The Roth IRA, created by Congress in 1997, resulted from “a conscious, contemptible manipulation of the budget rules.”
– John Buckley, former chief of staff for the Joint Committee on Taxation and former chief tax counsel, Committee on Ways and Means
What was true then is truer now. Roths have become a bipartisan affliction: They came in under President Bill Clinton, but Presidents George W. Bush and Barack Obama have added their own wrinkles. Thanks to all three, nobody has to go to the Cayman Islands to find a tax shelter; all they have to do is get their money into a Roth. Legislators continually dream up more ways to make it happen. Even the Internal Revenue Service (IRS) has become an enabler, issuing a ruling that creates one more route to a federally sanctioned tax haven.
On to that “conscious, contemptible manipulation of the budget rules.” What’s it about, and why are Democrats and Republicans alike only too happy to do it? It’s simple: All the money that goes into Roths is post-tax, not pre-tax, so the revenues from the accounts show up immediately. What don’t show up (but what start piling up from the beginning) are the deficits that Roths create. Fudging the numbers with upfront revenue can make budgets look good, but it’s all smoke and mirrors. The taxes on contributions are the only revenue that Roths will ever raise. Unlike other retirement accounts, Roths pay no taxes on capital gains; unlike other accounts, they will never pay back Uncle Sam for their tax-free growth.
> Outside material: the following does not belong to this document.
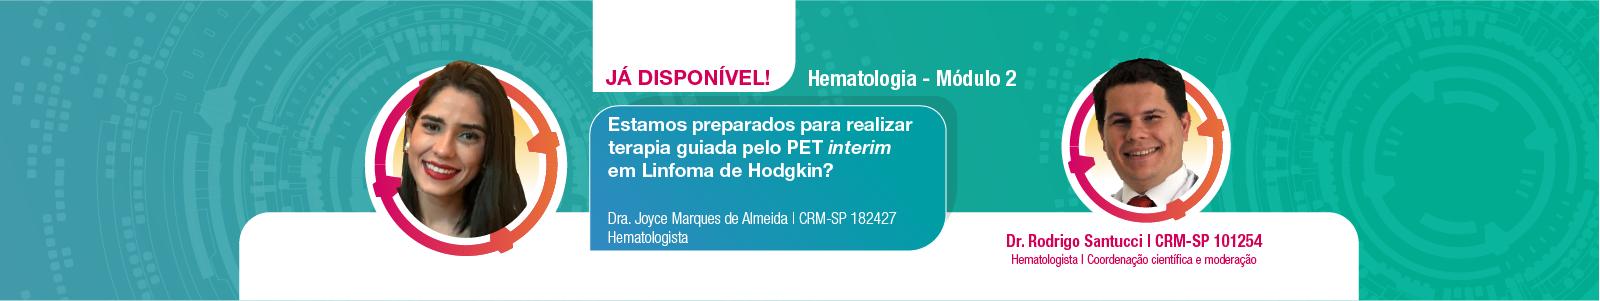 Aulas-banners-hematologia-Módulo 2 Oncologia é hoje

Len Burman is the director of the nonpartisan Tax Policy Center in Washington, DC. He’s called Roth accounts a numbers game, “bringing in more now, but giving up much more in the future” via foregone revenues. As he sees it, “‘Passing on more financial problems to our kids is really irresponsible. We’re leaving them a weak budget situation to begin with. Cutting off a major source of revenue [taxes on retirement account capital gains] makes no sense.'”
None at all, and the accounts are inherently unfair as well.
Compare Roths to regular IRAs, 401(k)s, 403(b)s and all other retirement accounts. All except Roths ultimately pay tax both on contributions and capital gains. Roths pay no taxes on gains. All accounts except Roths require minimum distributions from age 70 and a half onward. It’s possible for Roths to be passed on, undistributed and tax-free, into the 22nd century.
In addition, the income limit that formerly kept the rich from having Roth accounts at all was removed by President George W. Bush (though the removal didn’t take effect until after he left office). Obama has made Roth moves as well. As part of the “fiscal cliff” deal in 2012, he opened the door to earlier conversions from regular 401(k)s to Roths. His new myRA accounts, set to debut by year’s end, are also Roths.
Taken together, all these steps are costing the Treasury untold amounts every year in lost revenue. The numbers can only grow larger, and add immeasurably to the federal deficit, as the years go by. Here, from an earlier piece, are three simple ways to rein in Roth losses:
Abolish conversions. The largest Treasury losses will come from the largest Roth accounts, i.e., conversions. Congress should call a halt to Roth conversions. At a minimum, it should restore the $100,000 gross income ceiling that kept Roth conversions out of the hands of the rich.
End Roth startups. Other retirement plans are genuine two-way bargains: Savers enjoy tax advantages, but repay the country via taxable distributions. Roths eat away at the United States’ fiscal future, taking ever-bigger bites as more accounts come on-stream. The second reform, just as important as the first, is to stop opening new Roth IRAs.
Require distributions. Minimum distribution requirements – standard on all other retirement plans – have never applied to Roths. Accounts created under the “fiscal cliff” agreement were set to require distributions, and Congress should extend the rule to all Roths. Tax-free payouts could pump extra money into the economy, and give governments at all levels a chance to recoup at least some of their lost revenues.
Roth accounts were a deception from the start, and everybody knew it. It’s time for the elephants and the donkeys to do the right thing: to hit the brakes on the Roth blunder.